RECORDS:
___
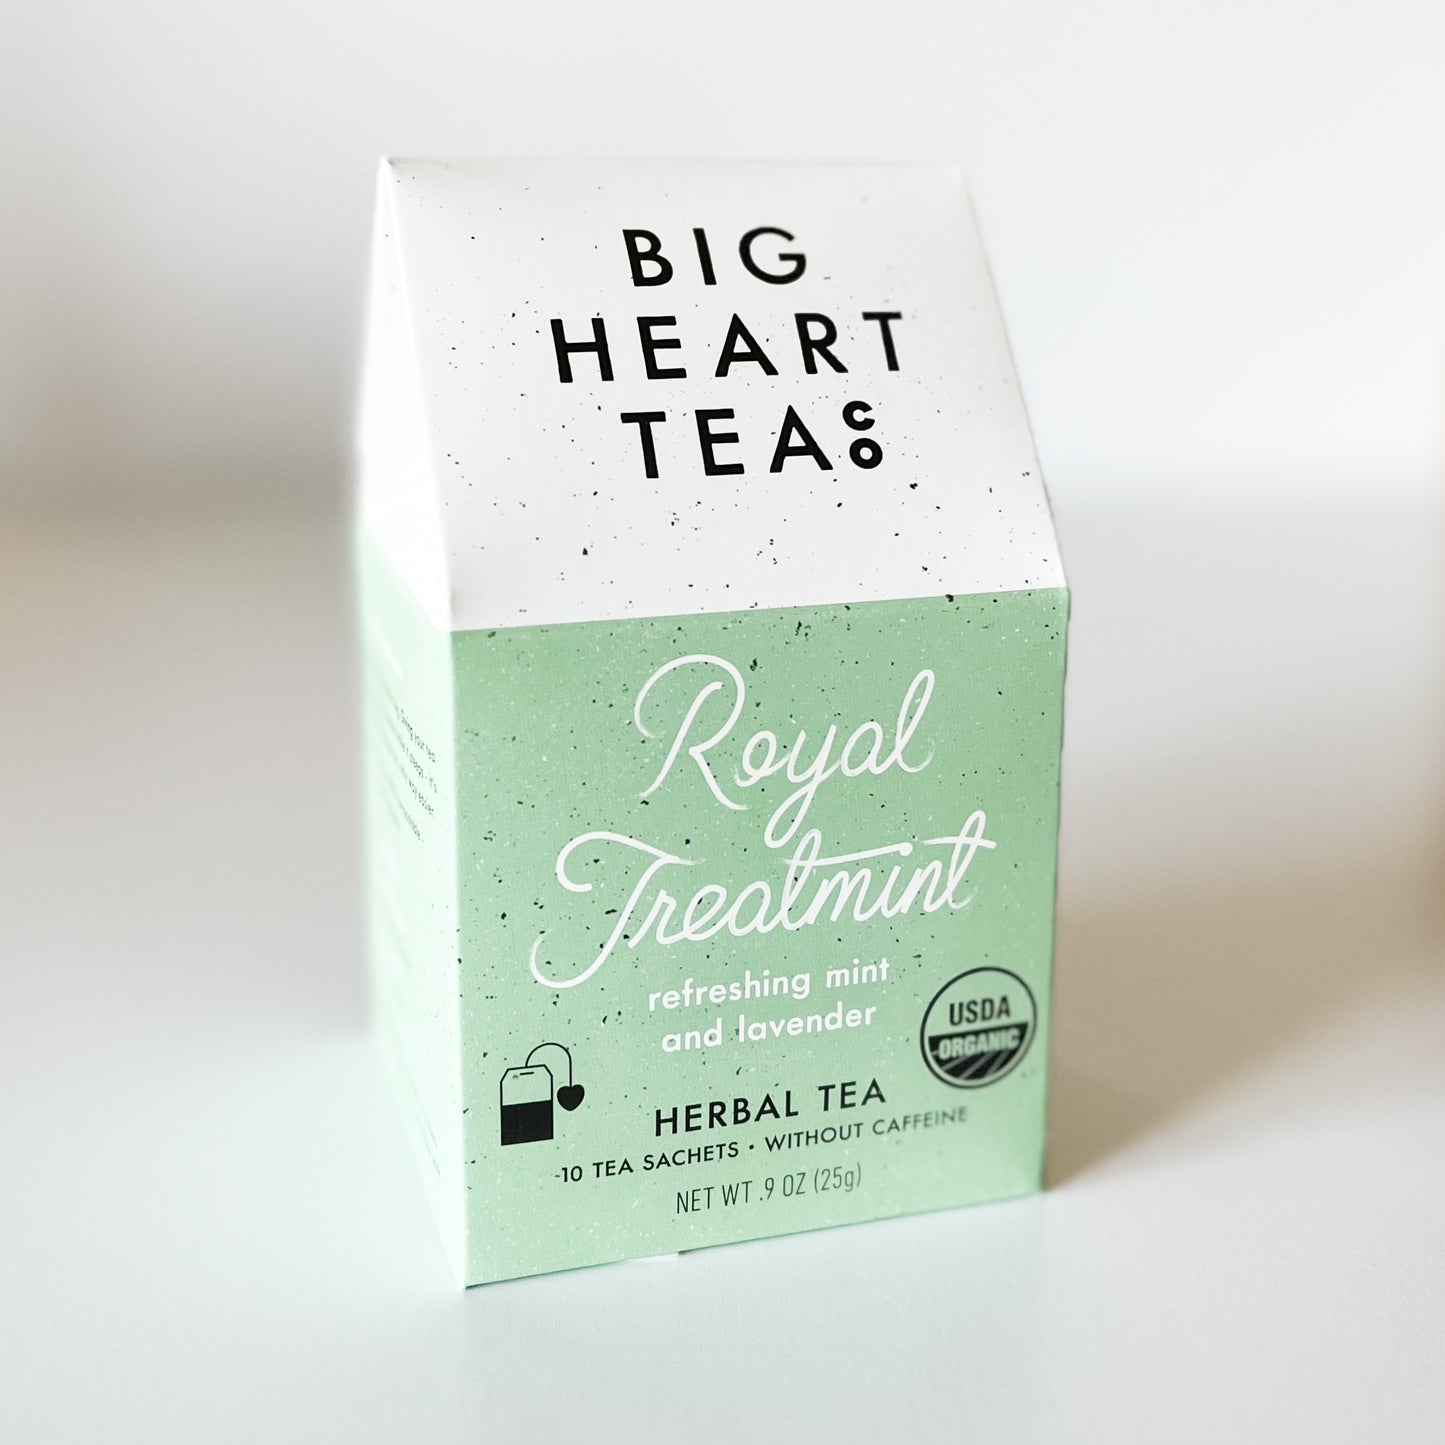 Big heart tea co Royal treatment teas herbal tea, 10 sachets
___
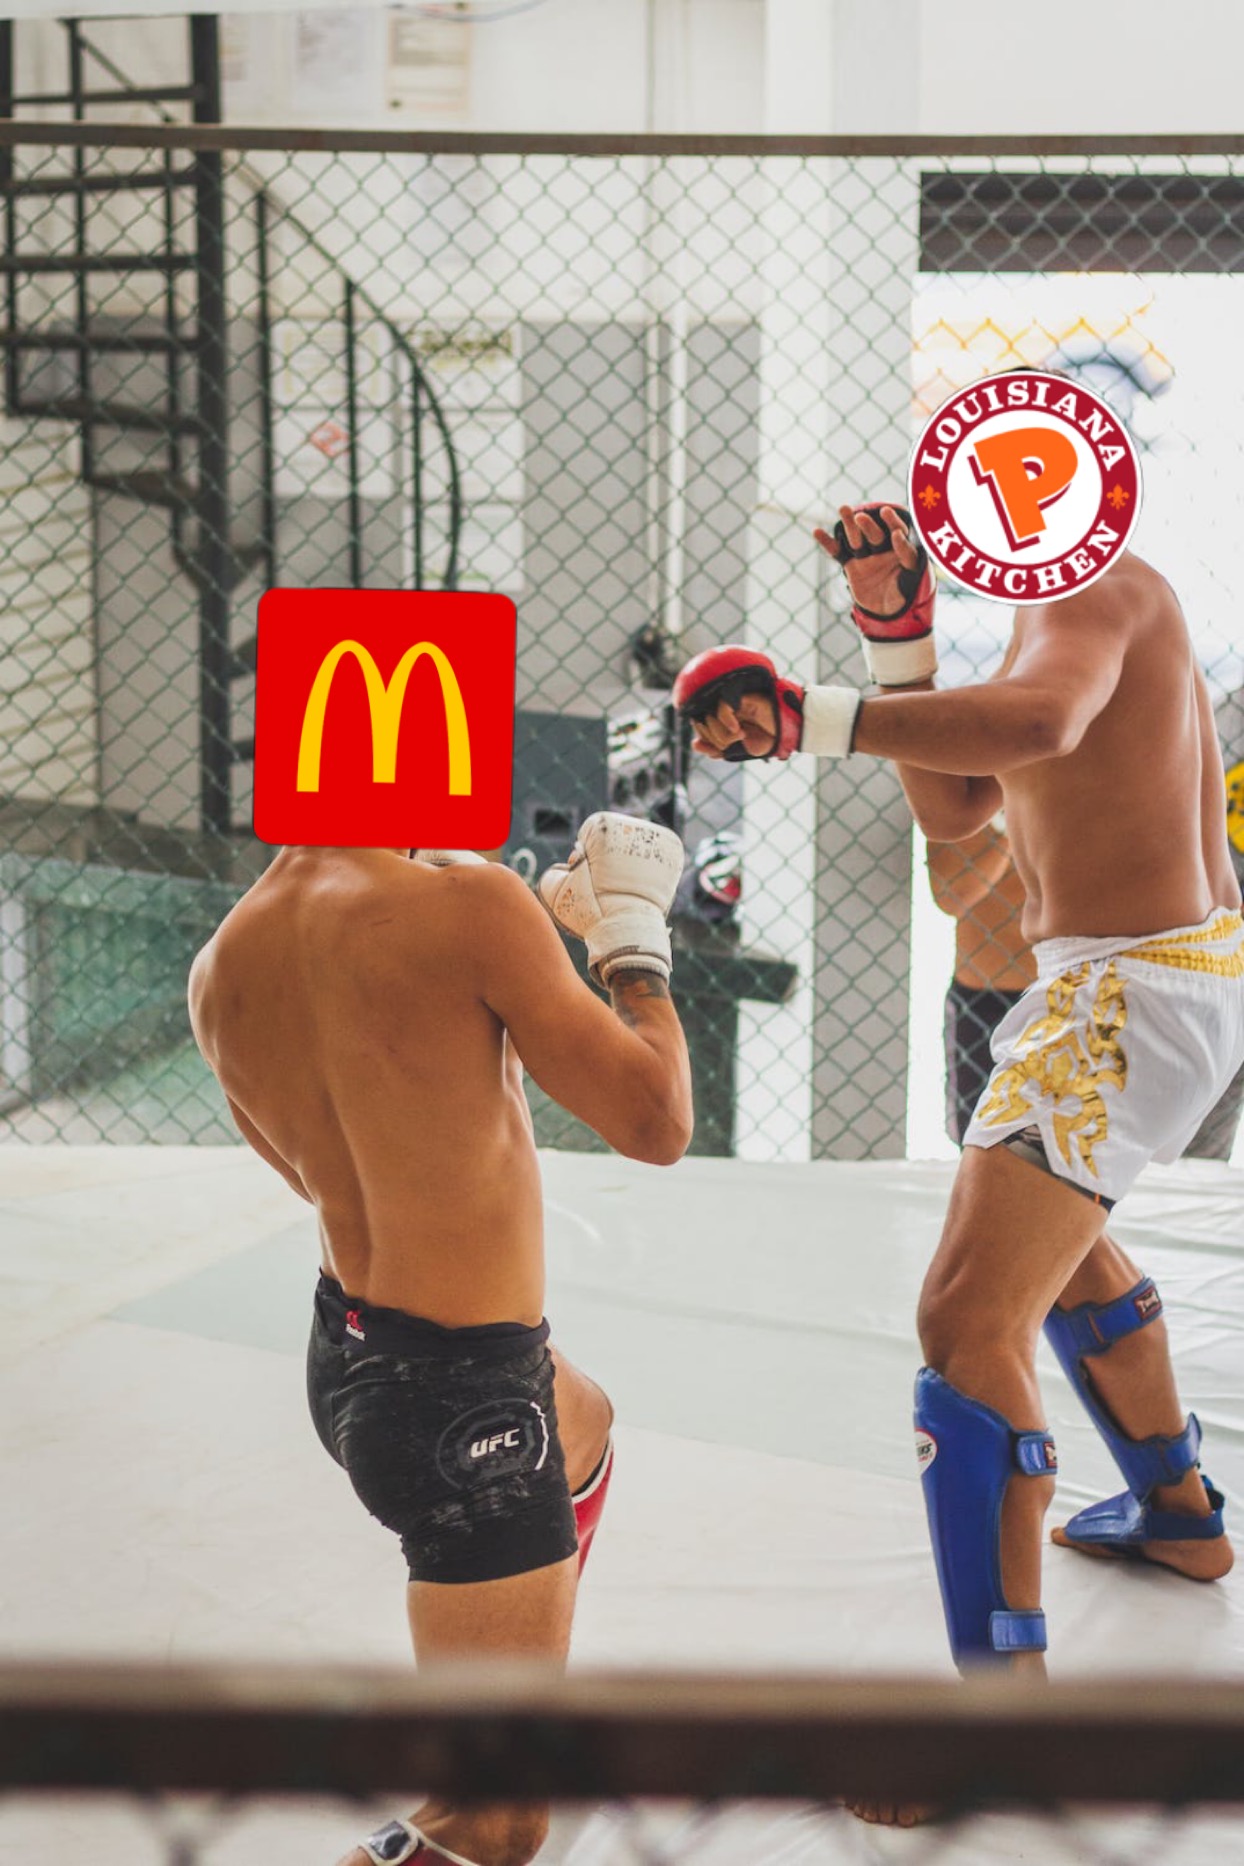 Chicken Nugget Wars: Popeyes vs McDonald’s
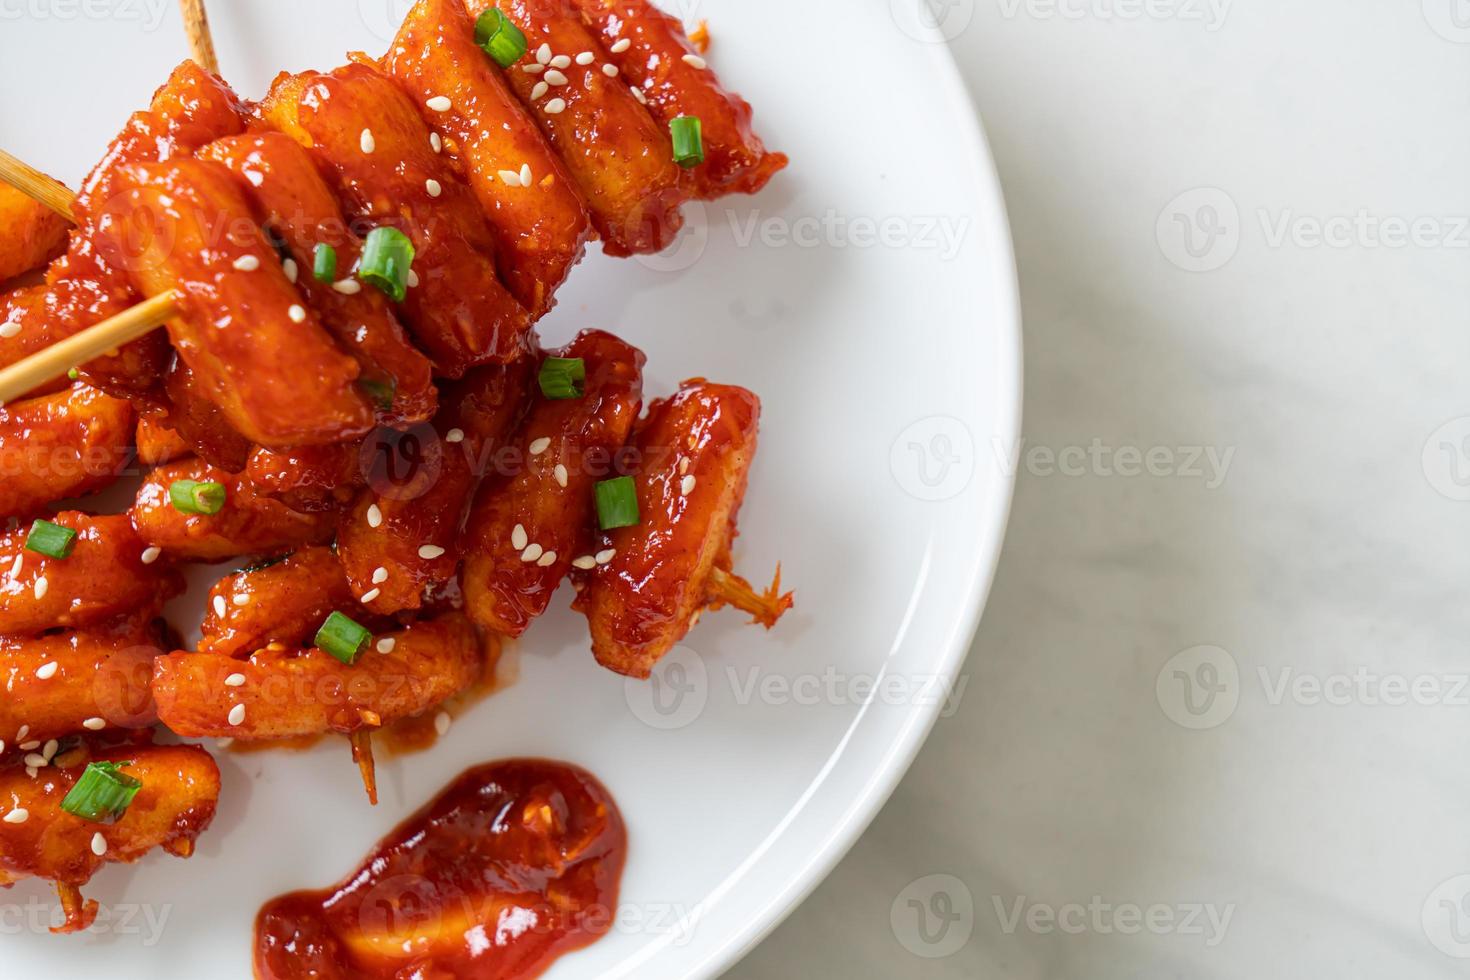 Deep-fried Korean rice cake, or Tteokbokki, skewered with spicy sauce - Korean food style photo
___
WORK REQUIRED:
Taking the entries above, copy word for word the lines from the one with "Chicken Nugget Wars: Popeyes vs McDonald’s" up to and including the one with "Deep-fried Korean rice", without any picture.

SOLUTION TO THIS TASK:
 Chicken Nugget Wars: Popeyes vs McDonald’s
 Deep-fried Korean rice cake, or Tteokbokki, skewered with spicy sauce - Korean food style photo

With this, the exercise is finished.